I felt like complete shit. I made my way to the hospital and found Lando & Liliana... her little body all hooked up to different machines and medication drips... all because of me. Lando didn't actually yell at me... he just came up to me and pulled me in his arms so we could both cry. I hated myself for what I did to our baby girl. 2 weeks old and already in hospital because of me.

"this is all my fault... if I didn't run off then she wouldn't be in this state... look at her... she's like a 2 week old baby in hospital for dehydration... she could die and it would all be my fault..." I said

"No, baby. It's not your fault. You couldn't have known she would get this sick"

"but I knew that she refuses formula. I knew she wouldn't get fed for ages but I still went. this is literally my fault"

"Listen to me. This isn't your fault. You didn't know what would happen. You needed some time away, and I understand that. But now Liliana needs you. She needs her mummy"

"it's all my fault... our little girl could die..."

"Lexi... shush. It doesn't matter if it is your fault or not. All that matters right now is you being by Liliana's side. She needs her mama"

"my brain just can't stop making me think that I'm doing everything wrong and that I'm failing her..."

"Lexi, stop right there. You're not failing Liliana"

"but my brain makes me feel like I am..."

"Your brain is wrong, Lex. You're not failing her. You're giving her everything she needs. love, comfort, and security"

"but she's laying here in the hospital because I wasn't there to give her milk..."

"Lexi, this isn't your fault"

"it is... I was the one who ran away and didn't leave anything behind for you to feed her with... I knew that she wouldn't take formula either..."

"Lex. It's not your fault. You were scared and didn't know what to do"

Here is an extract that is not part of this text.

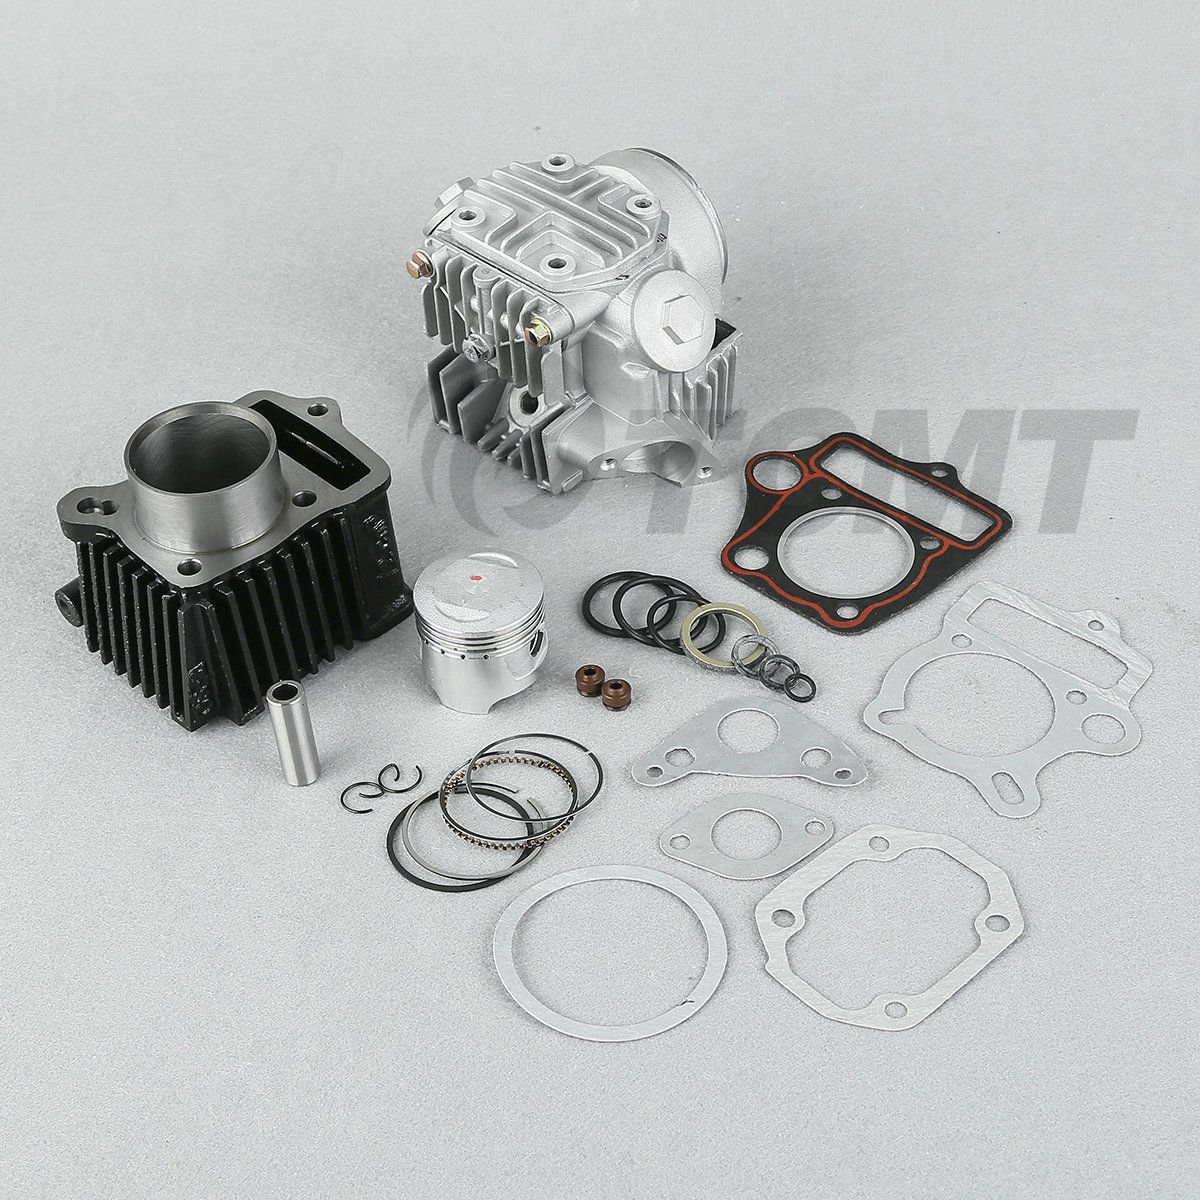 Tcmt Cylinder Engine Rebuild Kit For Honda Atc70 Ct70 1970 Parts List Trx70 Crf70 Xr70 70cc Automotive
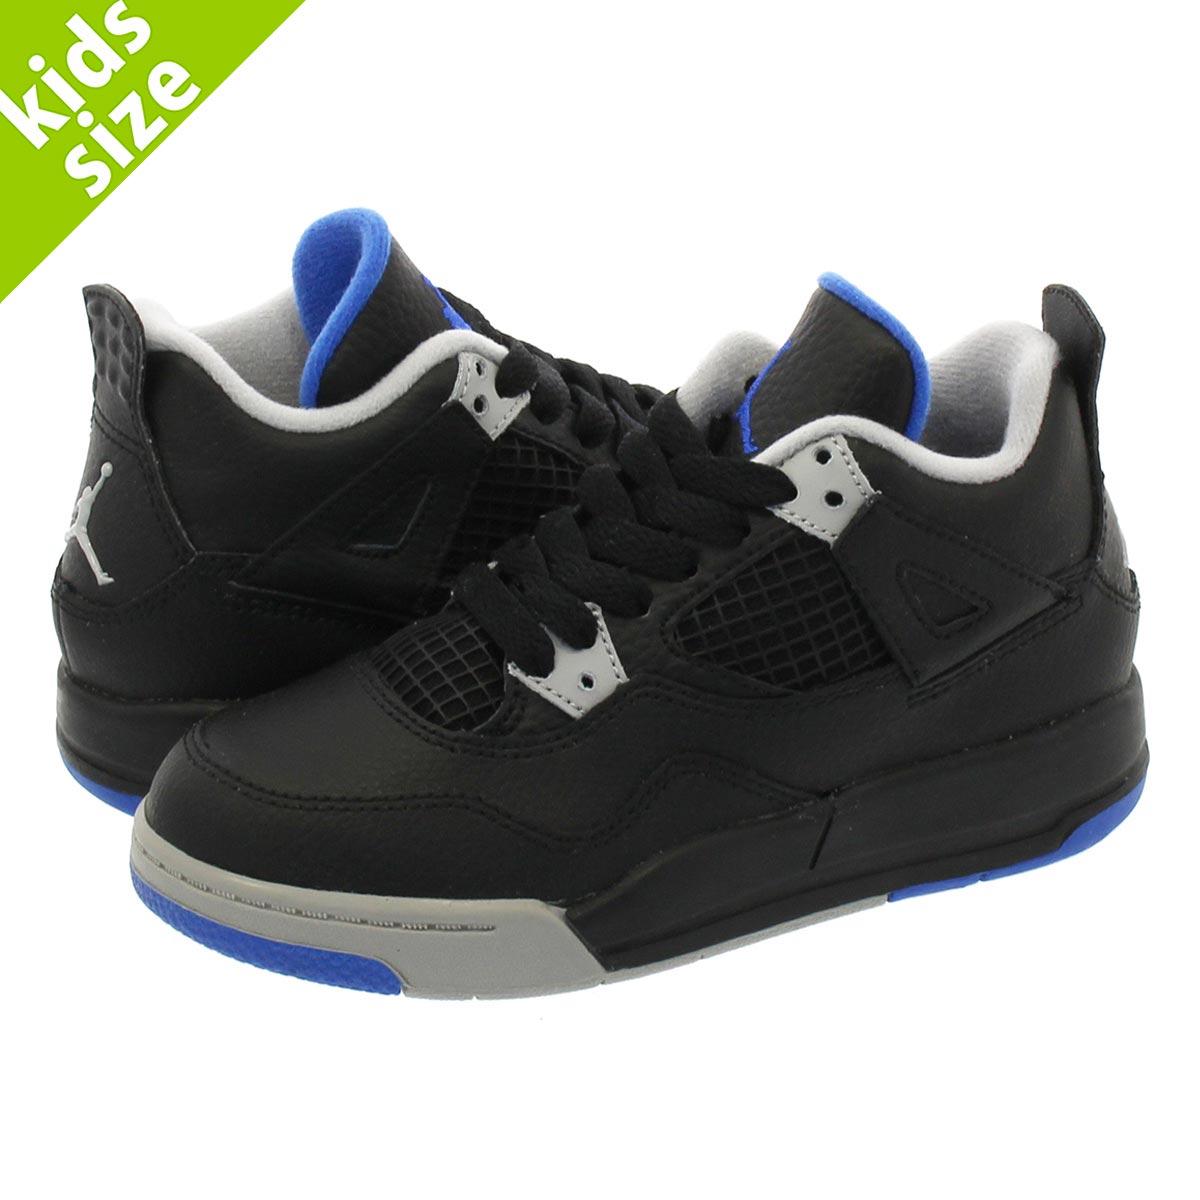 279b5d9e930 LOWTEX BIG-SMALL SHOP  NIKE AIR JORDAN 4 RETRO BP Nike Air Jordan 4  nostalgic BP BLACK SOAR MATTE SILVER WHITE 308

"it is my fault... everything is my fault"

"No, it's not. You need to stop blaming yourself. You're an amazing mum who loves her daughter more than anything else in the world" he said. We just sat in silence for a while. Liliana got back up to strength after a couple hours. I fed her literally every drop I had. We got home and Lando decided to run a bath for her. We had put off her first bath for 2 weeks and we needed to give her one. He was in the bathroom and I was on the bed with my knees up and Liliana resting on my thighs looking up at me as I held her tiny hands

"mama's trying, baby girl... I'm really trying for you... mama's not always been very healthy mentally and it causes mama to do stupid things but I'm hoping you'll fix me slightly... I'll get better for you, Lils... I promise I'll get better... I'll fight more against my brain and I'll stay strong for you... I've gotta put you first now... no more falling into my mental health's traps... I've gotta look after you so dada can go do his races... win races for you... you won't understand yet but one day you will... you'll understand everything that mama has been going through... but not yet... you're too young for that... you're not even a month old..." I said to her with tears in my eyes. Lando heard everything he was in the doorway. He sat on the bed next to me and held my hand with Liliana's little hand still in mine.